Fifth, the problem of liquid impact should be solved. An unreasonable flow path design will cause unnecessary impact on the partitions in the inner wall part, resulting in vortex and turbulence in the valve cavity, impacting the valve core, valve cavity, causing vibrations and damaging the partitions in the valve cavity. The solution is to adopt a better streamlined structure for the valve body. The design of the solid particle deposition position can be referred to for improvement of the smoothness of the flow channel. The focus of the flow channel design is to ensure the stable outflow of liquid from the valve body. It is also advisable to appropriately enhance the reflux and diversion capabilities of the flow channel to evenly distribute the liquid pressure within the valve body cavity. The reflux and diversion can reduce the pressure on the valve core on one side, which is beneficial for stabilizing the valve core.

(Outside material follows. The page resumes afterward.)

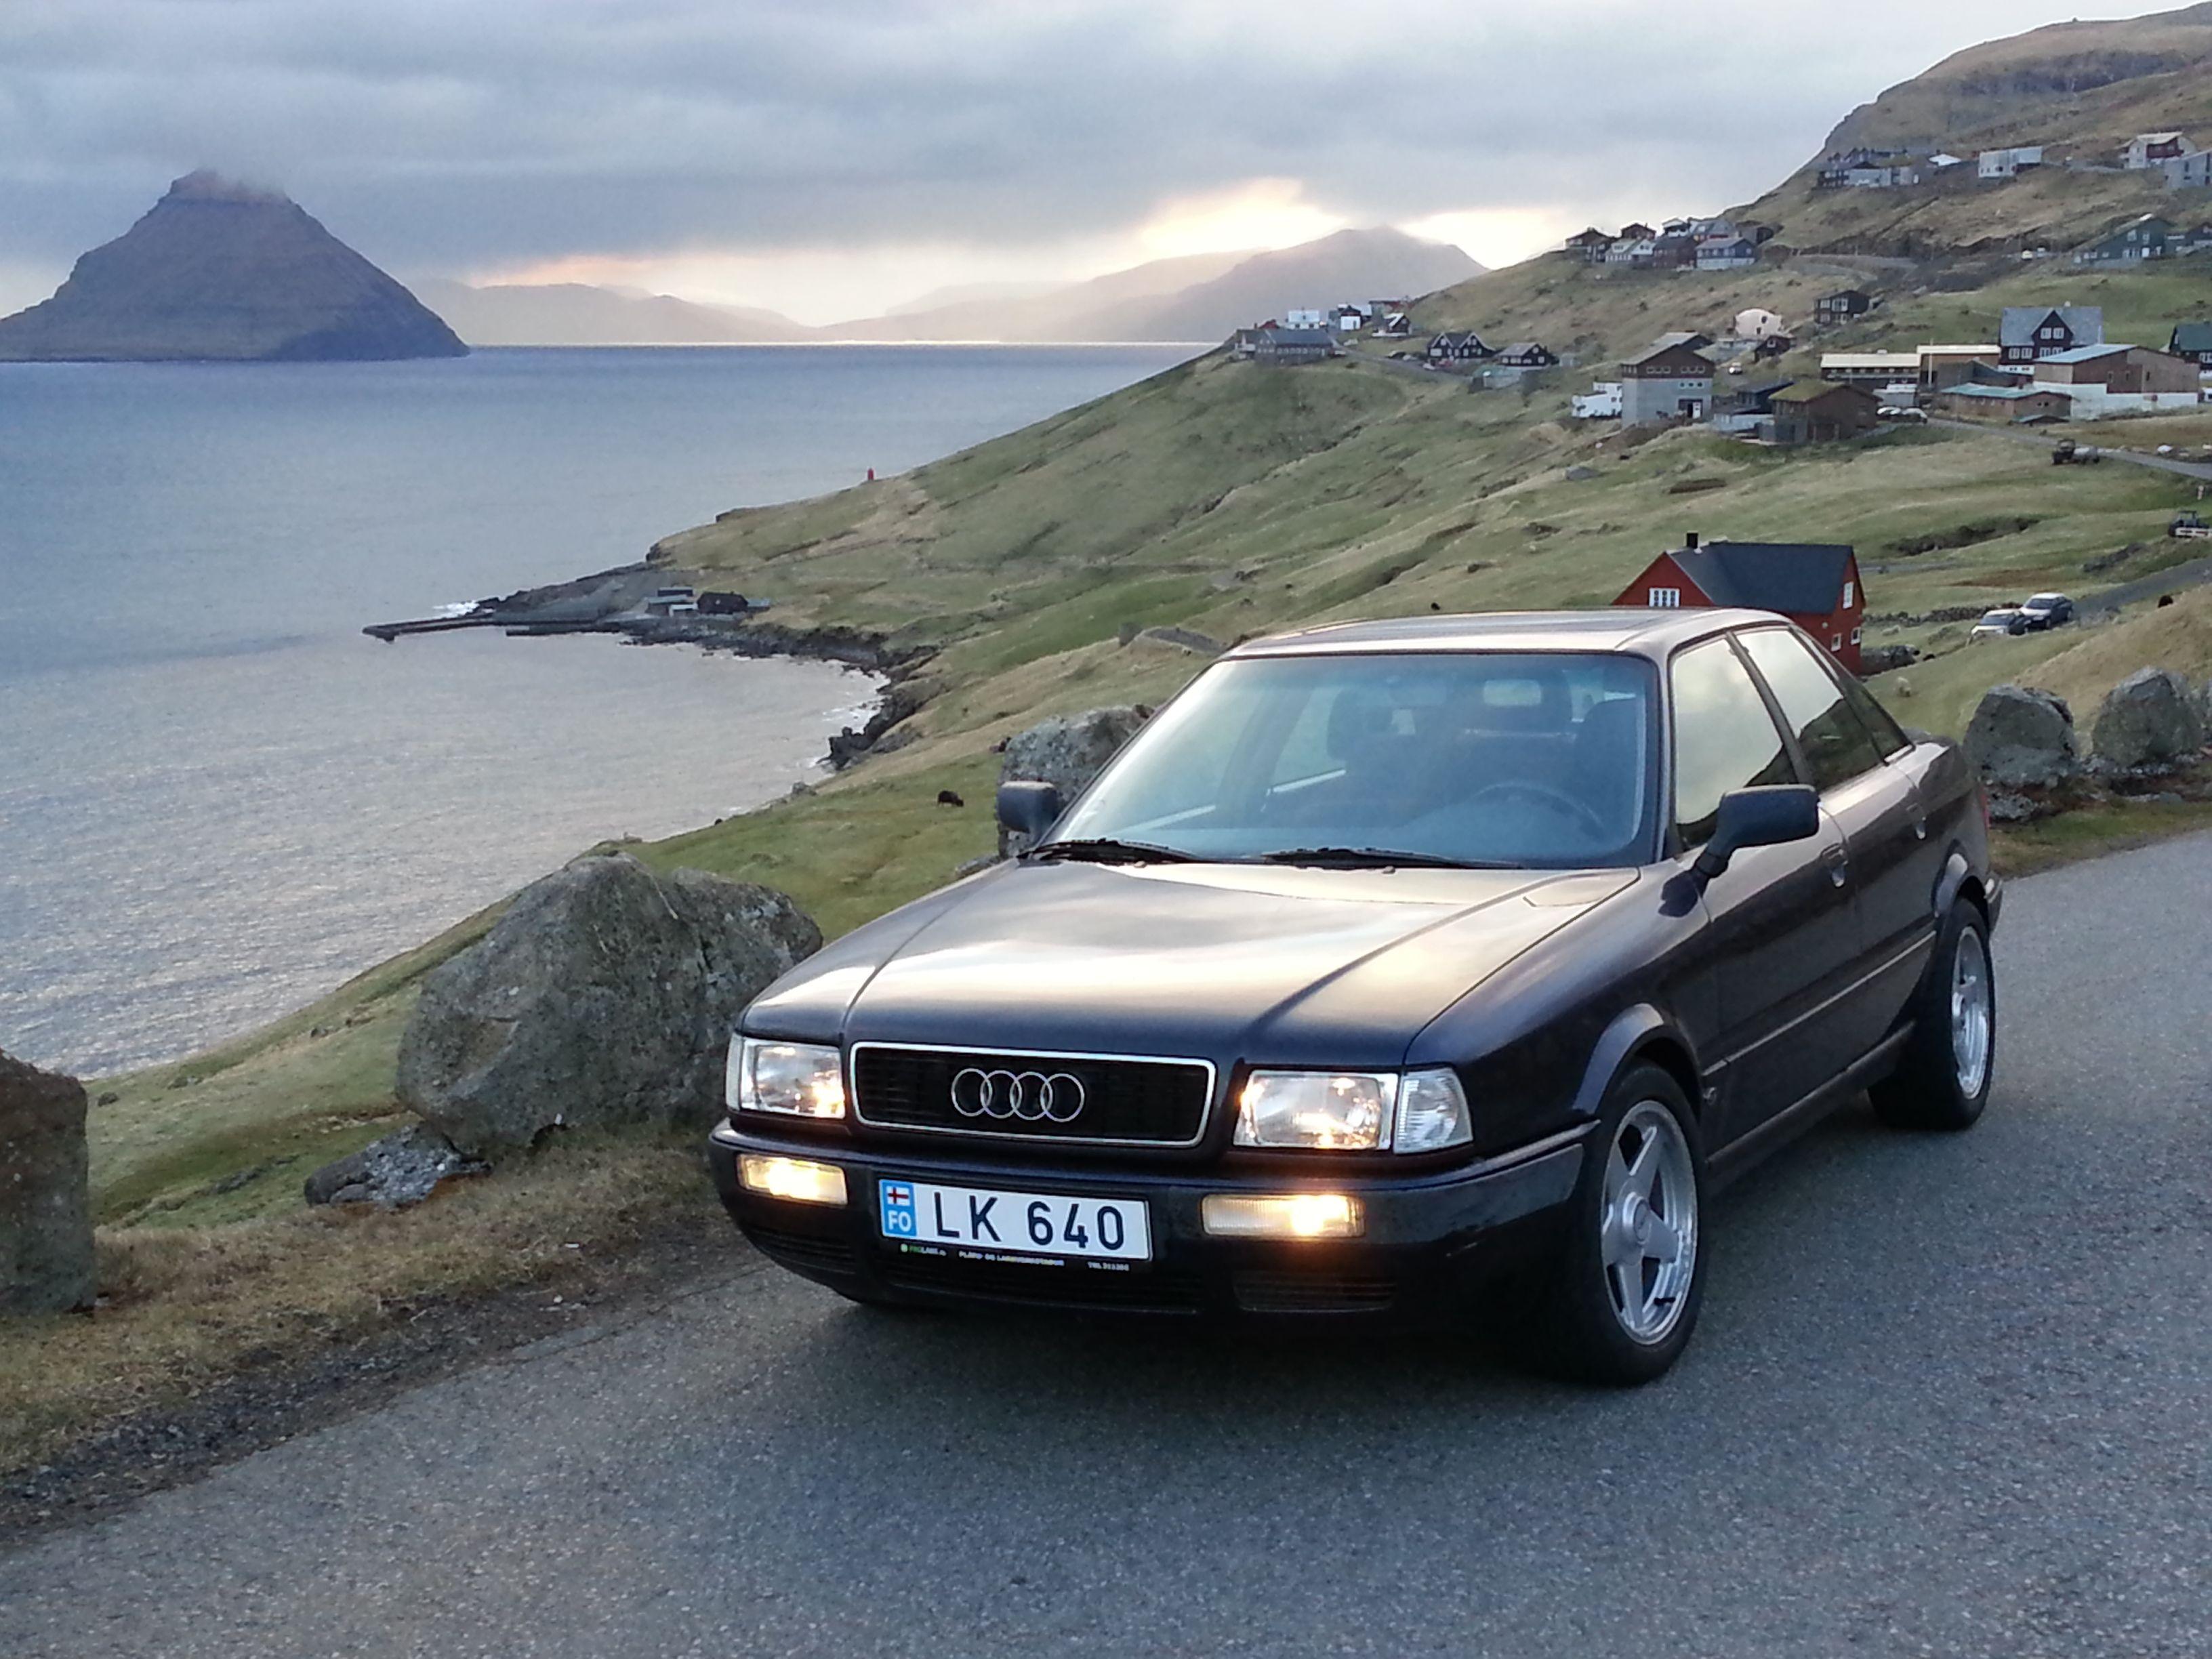 Audi 80 1 9 Tdi 1993 Audi Tdi Audi A4

Sixth, address the issues of flash evaporation and cavitation. If a noise reduction plate is added at the valve outlet, the pressure at the valve outlet is increased, and the pressure difference at the valve seat outlet is reduced, which can control the saturated vapor pressure of the liquid at the current temperature and improve the conditions for liquid vaporization. However, the pressure behind the noise reduction plate is still very high, which will cause secondary impact on the downstream pipeline and valves. High flow velocity and large volume will cause severe vibration of the downstream pipeline, which may damage the inlet of the downstream equipment. A feasible solution is to install a Venturi expansion pipe at the internal valve seat outlet, and increase the length of the Venturi expansion pipe to control the vaporization phenomenon within the high-strength Venturi tube, protecting the downstream pipeline and equipment. At the same time, the strength of the valve seat, valve core, and Venturi tube can be increased by spraying hard alloys or using hard alloys throughout the body to enhance the local structural strength. Externally, a large-diameter buffer tank can be added after the Venturi tube, and the downstream pipeline can be thickened or welded, sprayed with hard alloys, etc. as wear-resistant materials.